My biggest gripe is that we keep recycling game devs with the same fucking MMO design documents with only slight variations without heavy real change. I enjoy GW2 but it's design document is the same level, quest, PVP one we've seen for the last 10 years. Likewise for SWTOR. Outside of EVE, the only game that was slightly different was SWG and for some reason the asshats changed it to be more like the other lemming games.

PS2 is a good game but there is not exactly a ton to do there. It is an especially mediocre experience for someone who is casual. It's more akin to TF2 than an MMO to me.
My perspective: if you have an hour, you should be able to do something that feels like productivity without having it pigeon-holed into the 'ten bear asses' category. The idea of contrived 'questing' has been done, over-done, and done to the (n)th degree. It's ridiculous in that it's been rehashed literally dozens - and perhaps hundreds - of times, it's truly lazy game design, and it's time for an MMO to change the status quo.

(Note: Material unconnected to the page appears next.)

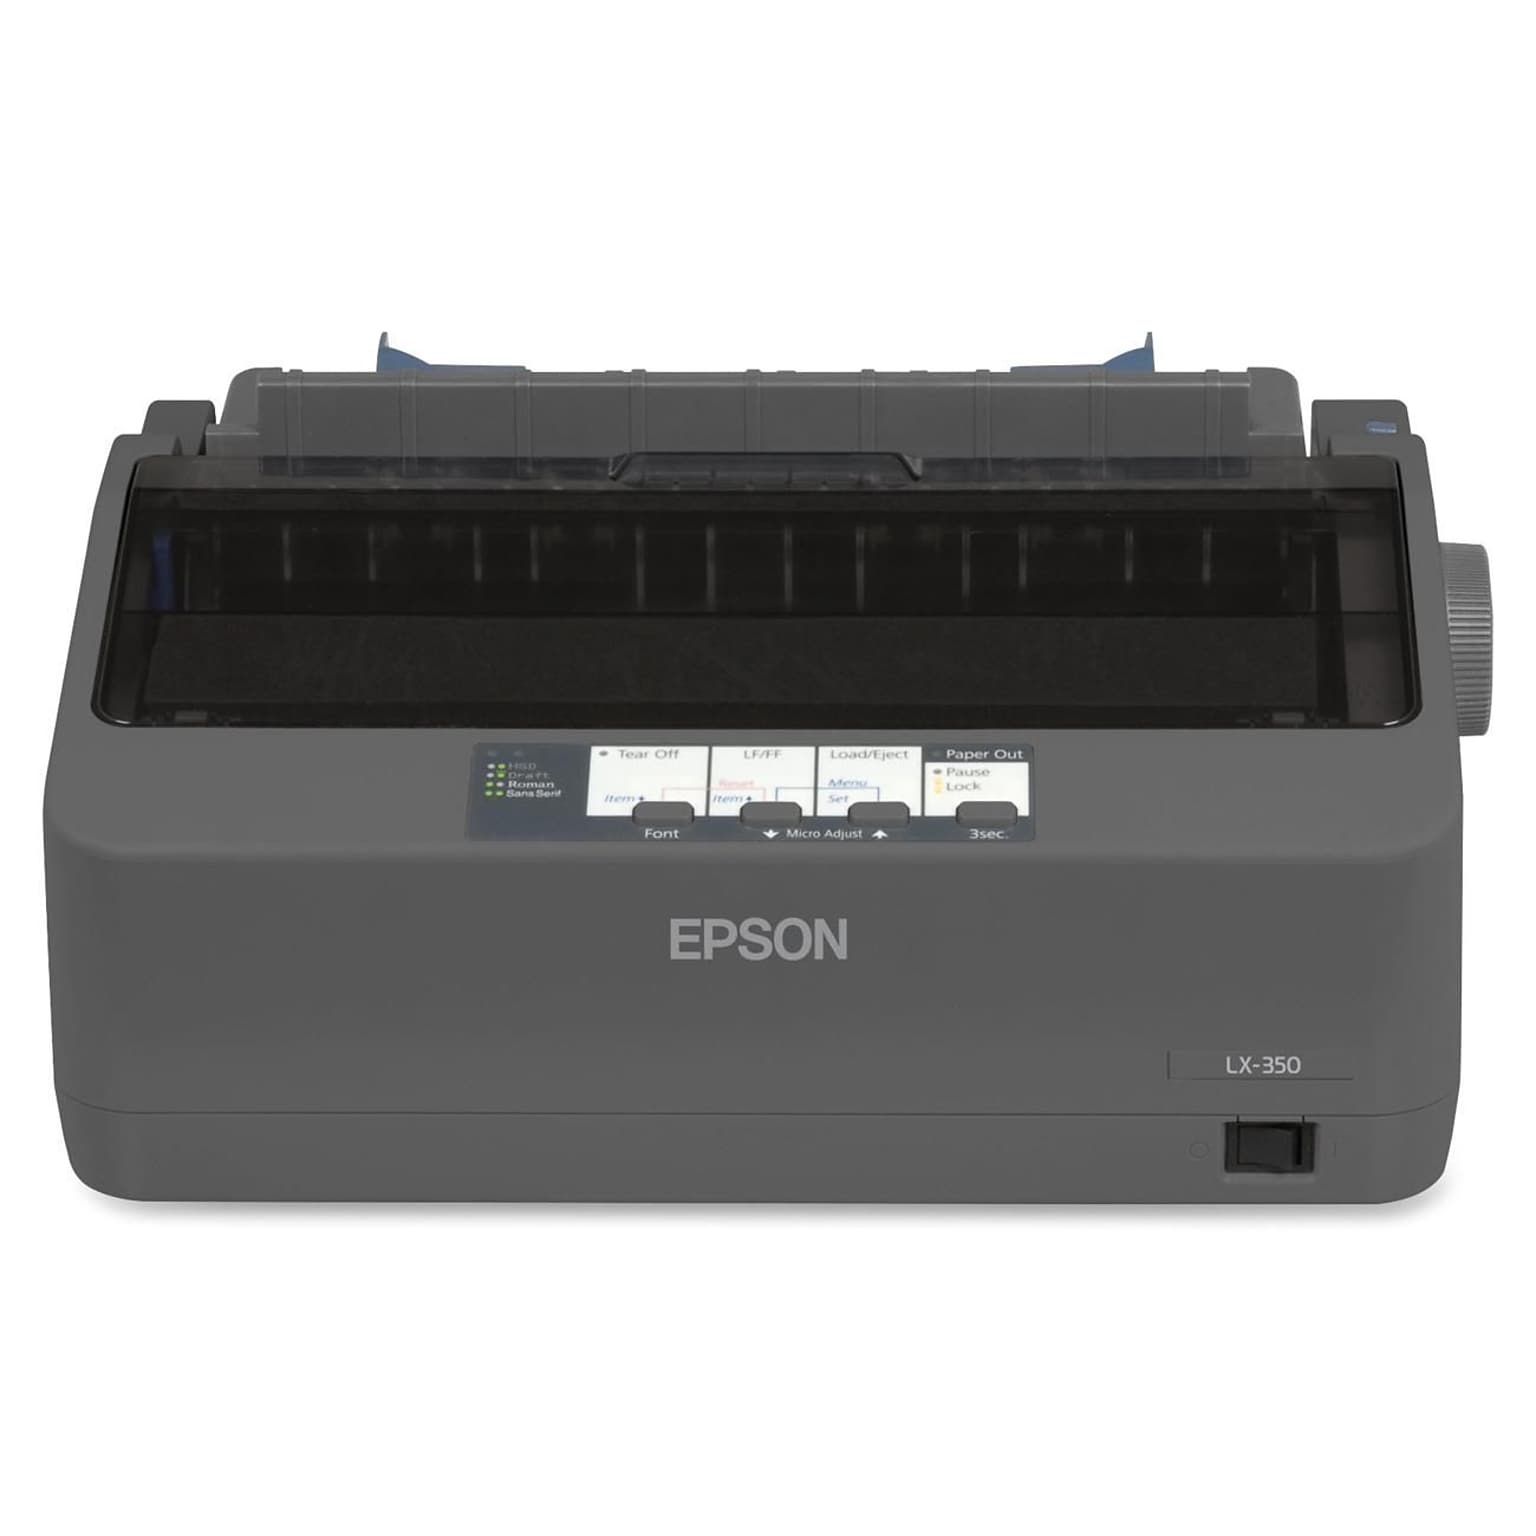 Epson® LX-350 C11CC24001 Monochrome Dot Matrix Printer

As for PS2 - if it's truly like that (which I wouldn't know, I haven't cared for the FPS genre since Counter-Strike), at least they're staying true to what they believe will deliver the most genuine game experience for the genre - and from all I've heard, it seems like they have. If you're playing an MMOFPS, I'm guessing your expectations are going to have to be built around that concept rather than tossing them in the same category as an MMORPG (a real one, that is). Logging in and shooting a couple people is always possible, sure, but the best way to maximize efforts is to join up with others and work together - just as it should be.
 

Lithose

Buzzfeed Editor
25,946
113,035
Well, actually, we've seen a game designed a bit like this. You see, factions duking it out in pvp for the control of a dungeon with raid and specific loot and all that... this has been done before. Twelve years ago. It was called Darkness Falls in the venerable Dark Age of Camelot (which is a game that I resubbed twice after dropping out. Almost as much as EQ). And it was considered a big success at the time, but
Really? You think DAOC with their miss mechanics to balance PvE gear inflation was designed with both in mind? Yeah, not really what I'd be going for. And as you said, their PvE gearing was designed with little thought except for a goal to kill things--it was essentially tacked on to the final game.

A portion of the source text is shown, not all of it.